ACTION ITEM —
Could you reproduce, from the records below, everything from the line with "SIAP SIAGA Real" down to the line with "HUSQVARNA TC 85", keeping both of those lines and changing nothing?

SOURCE DATA —
--- START ---
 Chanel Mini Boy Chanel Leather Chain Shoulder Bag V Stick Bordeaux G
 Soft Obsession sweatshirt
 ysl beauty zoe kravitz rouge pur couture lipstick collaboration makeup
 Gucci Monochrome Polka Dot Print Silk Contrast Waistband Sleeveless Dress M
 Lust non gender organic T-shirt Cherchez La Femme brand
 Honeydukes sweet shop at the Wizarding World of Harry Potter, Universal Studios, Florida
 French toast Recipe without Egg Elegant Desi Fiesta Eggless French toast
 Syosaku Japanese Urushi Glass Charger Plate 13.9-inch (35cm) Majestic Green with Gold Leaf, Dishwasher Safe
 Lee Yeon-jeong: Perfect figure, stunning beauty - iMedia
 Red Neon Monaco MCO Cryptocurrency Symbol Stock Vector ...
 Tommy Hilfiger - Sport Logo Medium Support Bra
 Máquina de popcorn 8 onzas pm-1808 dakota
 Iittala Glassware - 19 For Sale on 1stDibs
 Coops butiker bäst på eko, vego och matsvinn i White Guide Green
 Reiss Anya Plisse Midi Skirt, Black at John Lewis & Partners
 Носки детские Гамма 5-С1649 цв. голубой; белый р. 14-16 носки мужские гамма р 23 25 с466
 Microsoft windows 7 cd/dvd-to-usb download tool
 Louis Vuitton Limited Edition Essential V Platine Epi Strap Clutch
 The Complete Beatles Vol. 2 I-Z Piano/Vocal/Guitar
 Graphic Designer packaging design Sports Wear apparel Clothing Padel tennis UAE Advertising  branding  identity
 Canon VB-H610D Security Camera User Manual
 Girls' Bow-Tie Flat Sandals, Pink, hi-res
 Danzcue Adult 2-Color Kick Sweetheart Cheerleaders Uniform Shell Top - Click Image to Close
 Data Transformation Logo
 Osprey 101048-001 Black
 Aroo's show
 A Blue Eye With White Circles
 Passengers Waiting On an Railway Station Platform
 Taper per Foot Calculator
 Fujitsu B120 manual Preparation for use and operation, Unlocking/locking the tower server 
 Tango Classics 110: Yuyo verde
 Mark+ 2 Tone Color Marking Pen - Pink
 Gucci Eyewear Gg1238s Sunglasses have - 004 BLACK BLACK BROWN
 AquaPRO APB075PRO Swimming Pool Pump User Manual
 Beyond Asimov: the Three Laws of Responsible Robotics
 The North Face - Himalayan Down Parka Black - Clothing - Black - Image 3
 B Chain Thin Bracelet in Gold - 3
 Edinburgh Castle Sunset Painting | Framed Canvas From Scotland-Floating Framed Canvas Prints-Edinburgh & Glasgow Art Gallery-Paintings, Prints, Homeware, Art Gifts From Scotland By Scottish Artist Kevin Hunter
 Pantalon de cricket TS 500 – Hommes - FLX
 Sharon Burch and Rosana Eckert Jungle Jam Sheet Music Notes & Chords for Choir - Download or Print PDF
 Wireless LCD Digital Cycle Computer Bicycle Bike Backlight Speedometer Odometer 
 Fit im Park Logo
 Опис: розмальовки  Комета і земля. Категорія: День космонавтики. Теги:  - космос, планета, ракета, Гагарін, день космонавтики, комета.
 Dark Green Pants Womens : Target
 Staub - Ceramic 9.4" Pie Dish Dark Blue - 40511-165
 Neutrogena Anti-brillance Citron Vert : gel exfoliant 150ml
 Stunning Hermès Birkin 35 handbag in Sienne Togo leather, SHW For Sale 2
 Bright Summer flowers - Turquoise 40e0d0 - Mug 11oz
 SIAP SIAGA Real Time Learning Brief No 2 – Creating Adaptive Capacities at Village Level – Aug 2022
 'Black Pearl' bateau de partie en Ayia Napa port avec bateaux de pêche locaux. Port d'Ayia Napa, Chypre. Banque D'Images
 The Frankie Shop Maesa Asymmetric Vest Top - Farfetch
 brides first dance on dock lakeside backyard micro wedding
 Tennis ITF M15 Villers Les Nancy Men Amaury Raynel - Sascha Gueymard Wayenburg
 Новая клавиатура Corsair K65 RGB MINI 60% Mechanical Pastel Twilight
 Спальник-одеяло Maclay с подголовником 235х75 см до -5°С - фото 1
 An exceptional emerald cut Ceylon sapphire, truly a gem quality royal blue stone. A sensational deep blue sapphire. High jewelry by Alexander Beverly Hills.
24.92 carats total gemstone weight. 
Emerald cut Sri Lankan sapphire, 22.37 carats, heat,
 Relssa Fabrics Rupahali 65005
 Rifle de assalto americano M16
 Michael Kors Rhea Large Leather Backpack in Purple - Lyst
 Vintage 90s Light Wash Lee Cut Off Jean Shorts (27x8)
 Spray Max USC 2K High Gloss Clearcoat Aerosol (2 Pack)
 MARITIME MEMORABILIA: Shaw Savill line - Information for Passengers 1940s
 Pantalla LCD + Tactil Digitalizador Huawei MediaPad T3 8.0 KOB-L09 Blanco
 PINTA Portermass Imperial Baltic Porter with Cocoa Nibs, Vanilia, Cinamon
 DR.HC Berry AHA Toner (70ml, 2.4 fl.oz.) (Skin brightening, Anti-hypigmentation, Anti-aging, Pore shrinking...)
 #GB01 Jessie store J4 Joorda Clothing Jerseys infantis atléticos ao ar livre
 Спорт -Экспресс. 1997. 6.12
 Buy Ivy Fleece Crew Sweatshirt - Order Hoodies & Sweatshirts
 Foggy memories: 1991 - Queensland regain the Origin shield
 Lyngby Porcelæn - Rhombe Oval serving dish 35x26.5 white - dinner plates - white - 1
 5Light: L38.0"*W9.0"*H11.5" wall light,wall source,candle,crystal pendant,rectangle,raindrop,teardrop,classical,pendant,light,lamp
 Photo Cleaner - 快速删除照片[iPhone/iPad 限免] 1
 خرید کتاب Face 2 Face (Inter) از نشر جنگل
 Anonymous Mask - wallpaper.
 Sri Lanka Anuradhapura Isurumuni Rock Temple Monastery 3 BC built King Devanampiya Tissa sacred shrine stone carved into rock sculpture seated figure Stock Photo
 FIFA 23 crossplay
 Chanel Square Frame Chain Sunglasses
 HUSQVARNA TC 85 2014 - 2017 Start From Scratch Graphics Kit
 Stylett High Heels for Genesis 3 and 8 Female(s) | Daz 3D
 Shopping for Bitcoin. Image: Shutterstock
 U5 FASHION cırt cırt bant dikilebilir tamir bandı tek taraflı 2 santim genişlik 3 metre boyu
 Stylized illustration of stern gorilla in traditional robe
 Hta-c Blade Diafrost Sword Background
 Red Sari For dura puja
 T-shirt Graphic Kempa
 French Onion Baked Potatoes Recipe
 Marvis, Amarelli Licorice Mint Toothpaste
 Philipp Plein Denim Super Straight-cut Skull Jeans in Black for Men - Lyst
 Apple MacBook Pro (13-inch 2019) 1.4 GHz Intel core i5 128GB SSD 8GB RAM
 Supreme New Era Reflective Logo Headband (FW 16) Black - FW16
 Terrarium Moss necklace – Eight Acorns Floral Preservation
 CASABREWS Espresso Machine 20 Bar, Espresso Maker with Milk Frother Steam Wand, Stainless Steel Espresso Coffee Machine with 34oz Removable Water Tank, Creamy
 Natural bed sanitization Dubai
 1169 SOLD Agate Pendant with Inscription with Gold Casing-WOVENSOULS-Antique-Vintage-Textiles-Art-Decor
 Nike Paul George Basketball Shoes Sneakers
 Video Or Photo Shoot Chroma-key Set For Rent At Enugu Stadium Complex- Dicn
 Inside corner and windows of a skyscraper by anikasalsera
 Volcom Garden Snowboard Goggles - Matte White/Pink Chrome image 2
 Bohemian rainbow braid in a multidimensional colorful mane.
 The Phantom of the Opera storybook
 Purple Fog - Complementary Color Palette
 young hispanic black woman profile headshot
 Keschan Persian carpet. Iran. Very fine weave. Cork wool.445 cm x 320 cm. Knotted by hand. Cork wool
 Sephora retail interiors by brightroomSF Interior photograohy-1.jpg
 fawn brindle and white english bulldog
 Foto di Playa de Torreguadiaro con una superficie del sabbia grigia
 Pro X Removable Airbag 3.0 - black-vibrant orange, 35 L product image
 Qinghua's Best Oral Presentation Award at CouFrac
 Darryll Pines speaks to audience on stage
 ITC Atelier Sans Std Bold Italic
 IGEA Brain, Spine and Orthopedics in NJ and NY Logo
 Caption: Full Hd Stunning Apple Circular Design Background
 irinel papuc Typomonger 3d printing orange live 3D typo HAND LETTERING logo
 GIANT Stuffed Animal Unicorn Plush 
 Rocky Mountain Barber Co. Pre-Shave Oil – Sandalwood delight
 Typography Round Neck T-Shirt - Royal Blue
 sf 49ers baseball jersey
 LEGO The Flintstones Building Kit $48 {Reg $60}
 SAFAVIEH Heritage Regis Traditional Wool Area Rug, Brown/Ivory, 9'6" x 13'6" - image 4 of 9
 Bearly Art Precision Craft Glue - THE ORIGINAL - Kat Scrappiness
--- END ---
ANSWER TO THIS EXERCISE —
 SIAP SIAGA Real Time Learning Brief No 2 – Creating Adaptive Capacities at Village Level – Aug 2022
 'Black Pearl' bateau de partie en Ayia Napa port avec bateaux de pêche locaux. Port d'Ayia Napa, Chypre. Banque D'Images
 The Frankie Shop Maesa Asymmetric Vest Top - Farfetch
 brides first dance on dock lakeside backyard micro wedding
 Tennis ITF M15 Villers Les Nancy Men Amaury Raynel - Sascha Gueymard Wayenburg
 Новая клавиатура Corsair K65 RGB MINI 60% Mechanical Pastel Twilight
 Спальник-одеяло Maclay с подголовником 235х75 см до -5°С - фото 1
 An exceptional emerald cut Ceylon sapphire, truly a gem quality royal blue stone. A sensational deep blue sapphire. High jewelry by Alexander Beverly Hills.
24.92 carats total gemstone weight. 
Emerald cut Sri Lankan sapphire, 22.37 carats, heat,
 Relssa Fabrics Rupahali 65005
 Rifle de assalto americano M16
 Michael Kors Rhea Large Leather Backpack in Purple - Lyst
 Vintage 90s Light Wash Lee Cut Off Jean Shorts (27x8)
 Spray Max USC 2K High Gloss Clearcoat Aerosol (2 Pack)
 MARITIME MEMORABILIA: Shaw Savill line - Information for Passengers 1940s
 Pantalla LCD + Tactil Digitalizador Huawei MediaPad T3 8.0 KOB-L09 Blanco
 PINTA Portermass Imperial Baltic Porter with Cocoa Nibs, Vanilia, Cinamon
 DR.HC Berry AHA Toner (70ml, 2.4 fl.oz.) (Skin brightening, Anti-hypigmentation, Anti-aging, Pore shrinking...)
 #GB01 Jessie store J4 Joorda Clothing Jerseys infantis atléticos ao ar livre
 Спорт -Экспресс. 1997. 6.12
 Buy Ivy Fleece Crew Sweatshirt - Order Hoodies & Sweatshirts
 Foggy memories: 1991 - Queensland regain the Origin shield
 Lyngby Porcelæn - Rhombe Oval serving dish 35x26.5 white - dinner plates - white - 1
 5Light: L38.0"*W9.0"*H11.5" wall light,wall source,candle,crystal pendant,rectangle,raindrop,teardrop,classical,pendant,light,lamp
 Photo Cleaner - 快速删除照片[iPhone/iPad 限免] 1
 خرید کتاب Face 2 Face (Inter) از نشر جنگل
 Anonymous Mask - wallpaper.
 Sri Lanka Anuradhapura Isurumuni Rock Temple Monastery 3 BC built King Devanampiya Tissa sacred shrine stone carved into rock sculpture seated figure Stock Photo
 FIFA 23 crossplay
 Chanel Square Frame Chain Sunglasses
 HUSQVARNA TC 85 2014 - 2017 Start From Scratch Graphics Kit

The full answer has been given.